Data segment section start

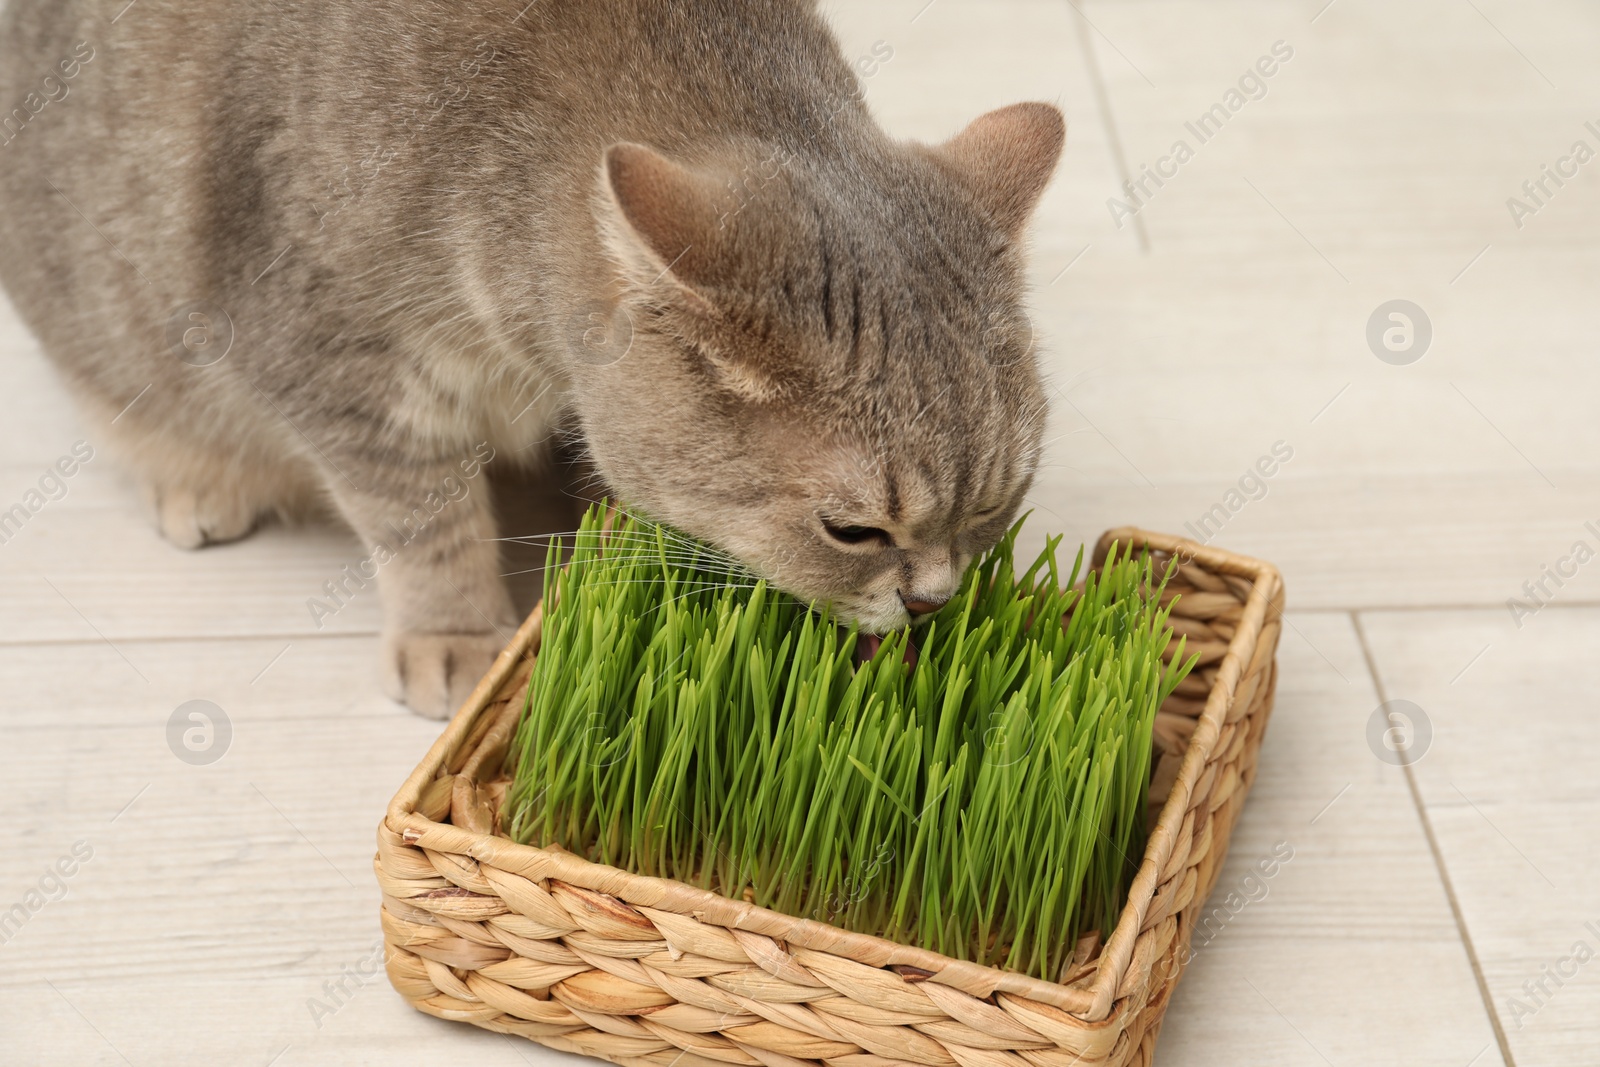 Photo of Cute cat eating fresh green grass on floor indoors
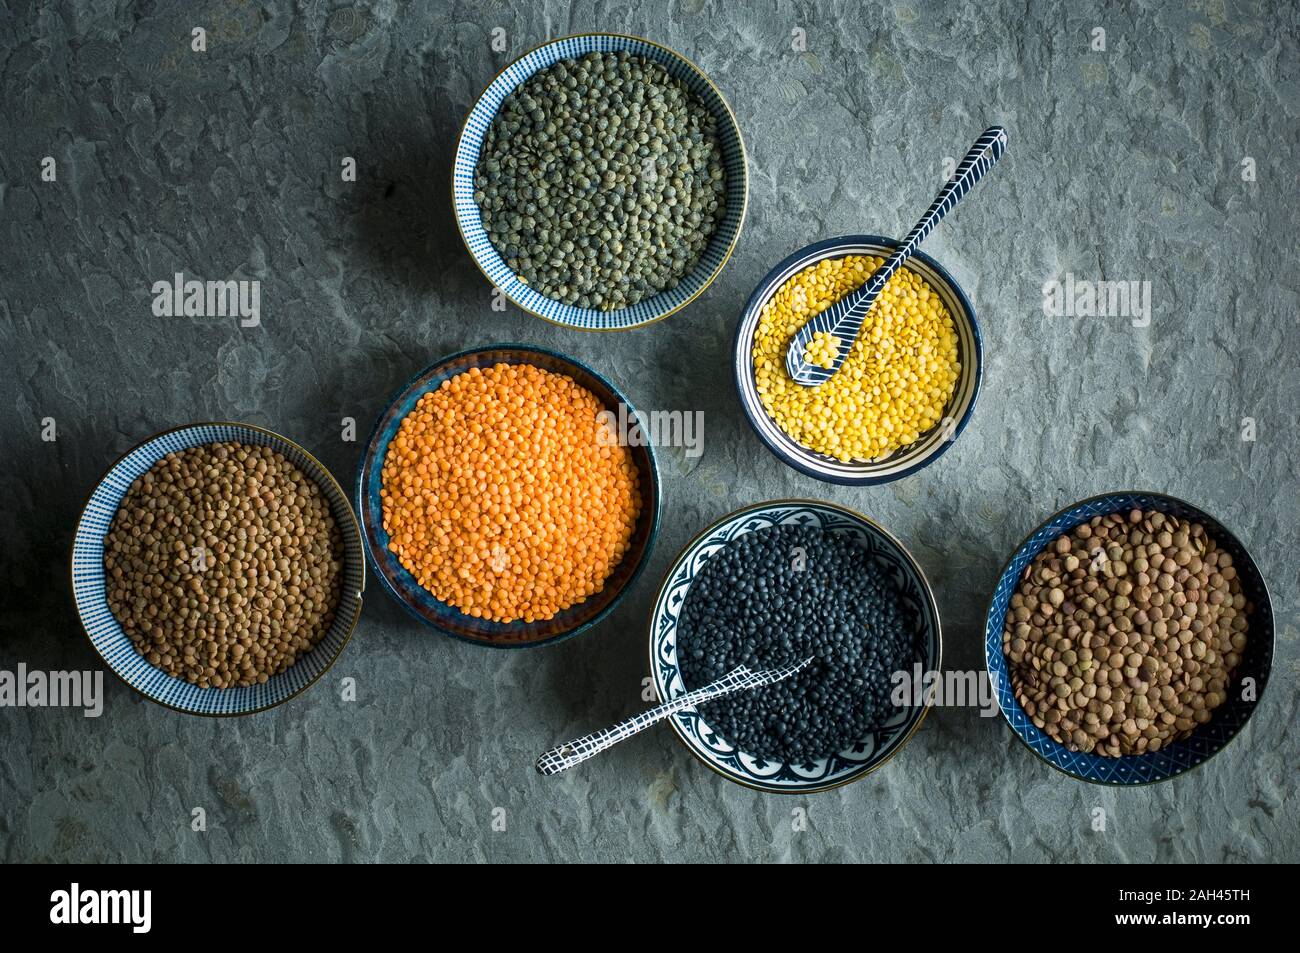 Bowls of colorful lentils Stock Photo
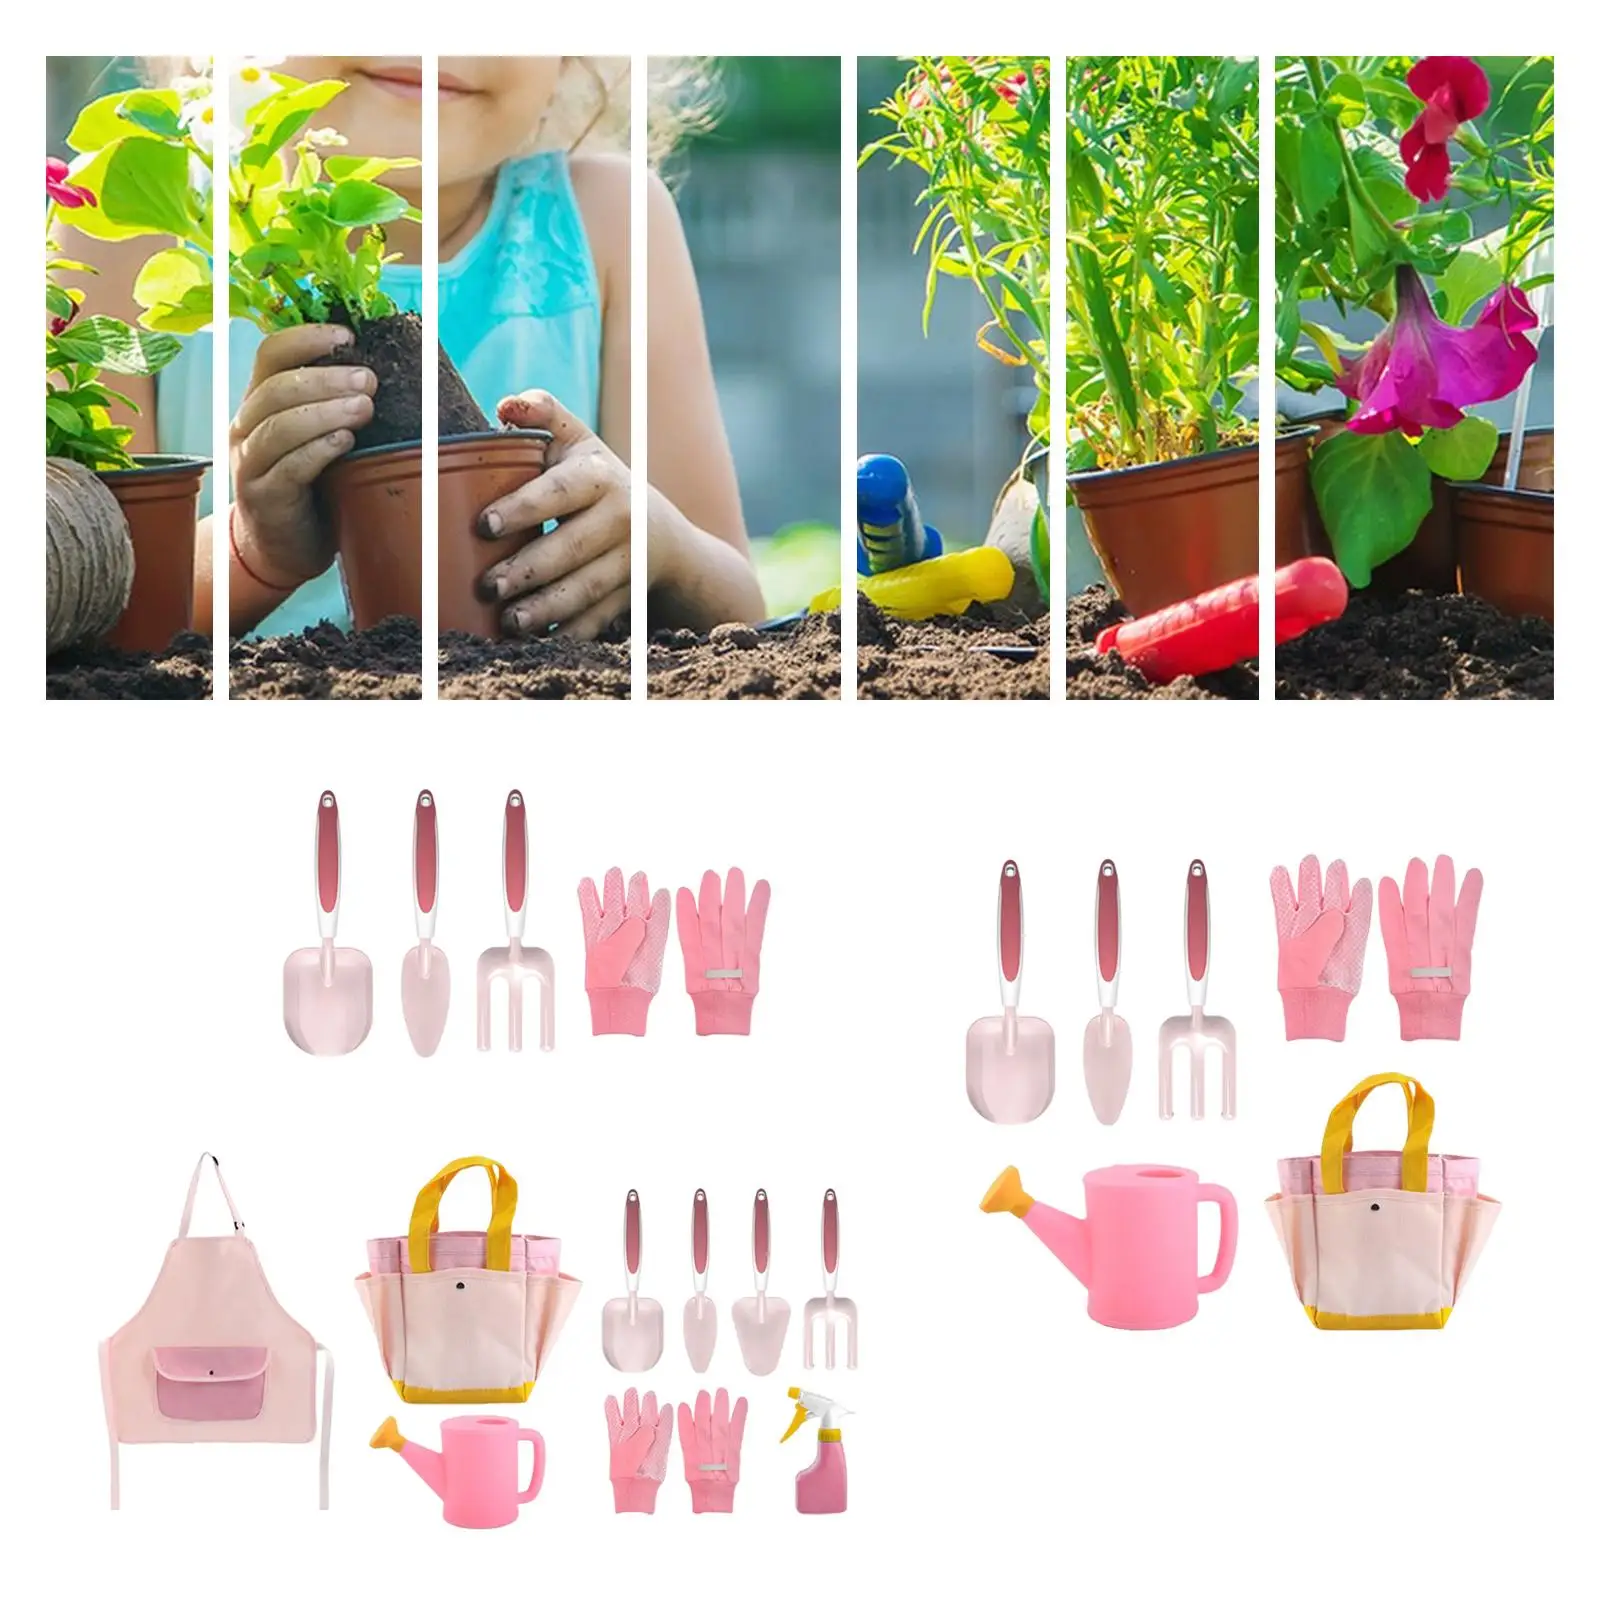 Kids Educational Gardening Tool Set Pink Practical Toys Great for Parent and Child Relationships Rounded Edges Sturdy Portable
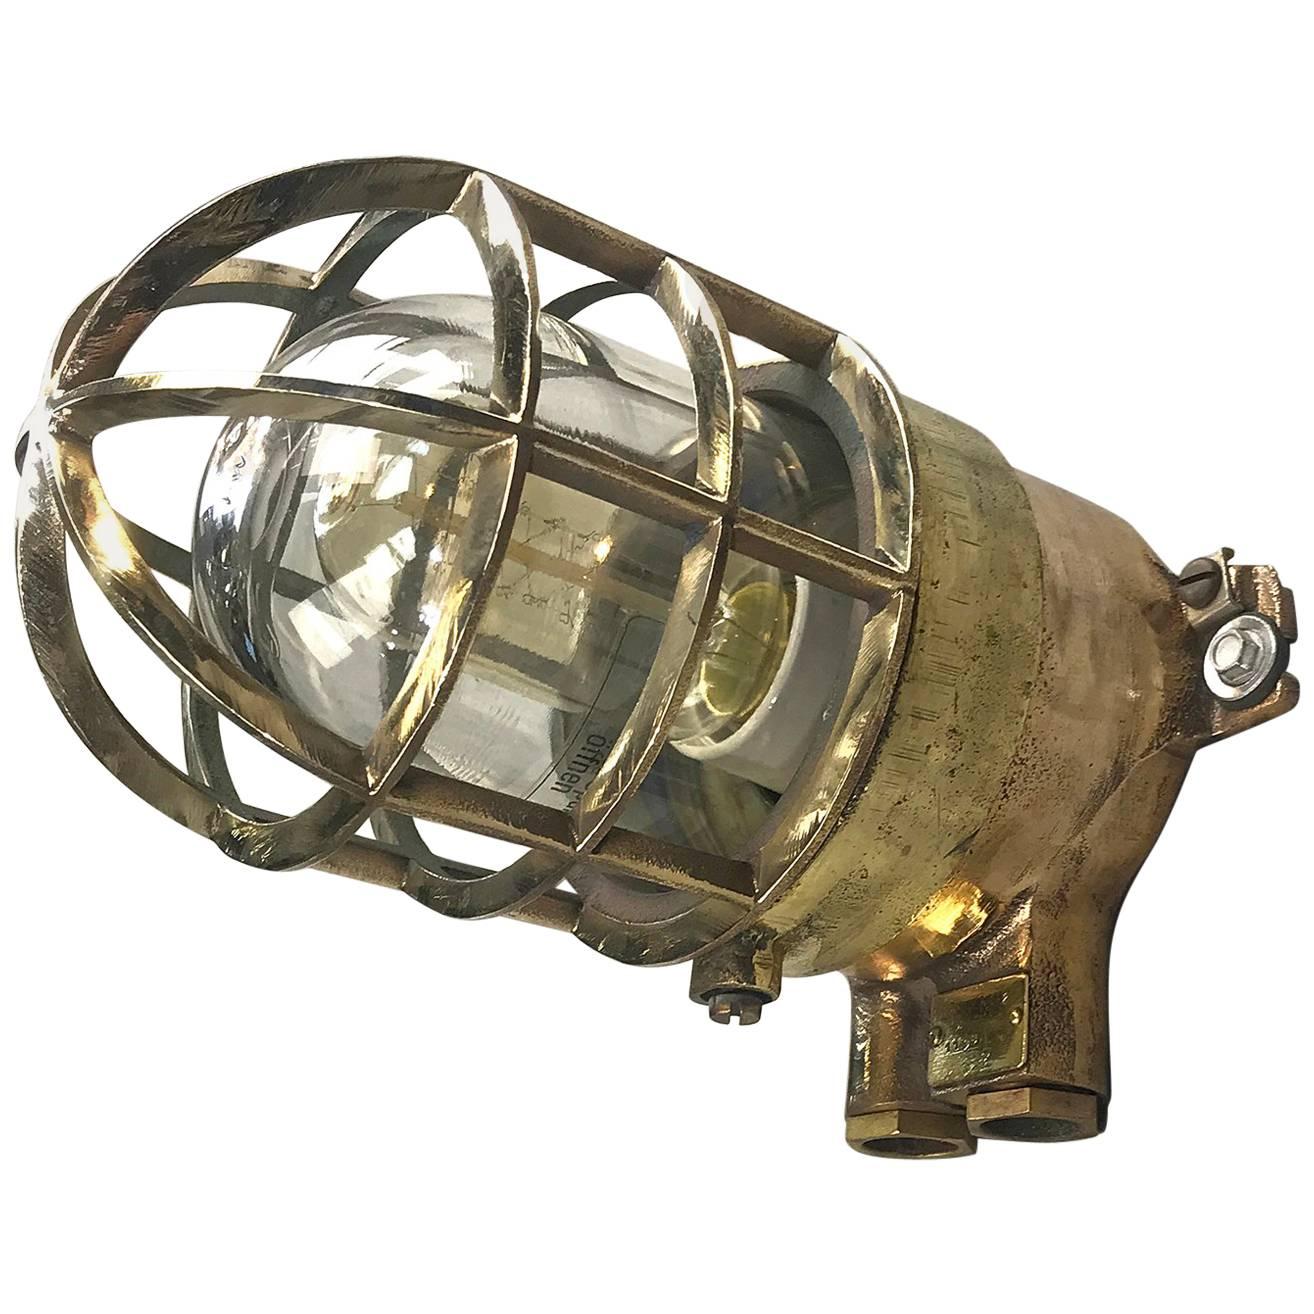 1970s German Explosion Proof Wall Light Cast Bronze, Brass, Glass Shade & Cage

Data segment section end

— Action item —
Every line above is to be given again exactly, apart from the pictures.

— Answer area —
 Photo of Cute cat eating fresh green grass on floor indoors
 Bowls of colorful lentils Stock Photo
 Kids Educational Gardening Tool Set Pink Practical Toys Great for Parent and Child Relationships Rounded Edges Sturdy Portable
 1970s German Explosion Proof Wall Light Cast Bronze, Brass, Glass Shade & Cage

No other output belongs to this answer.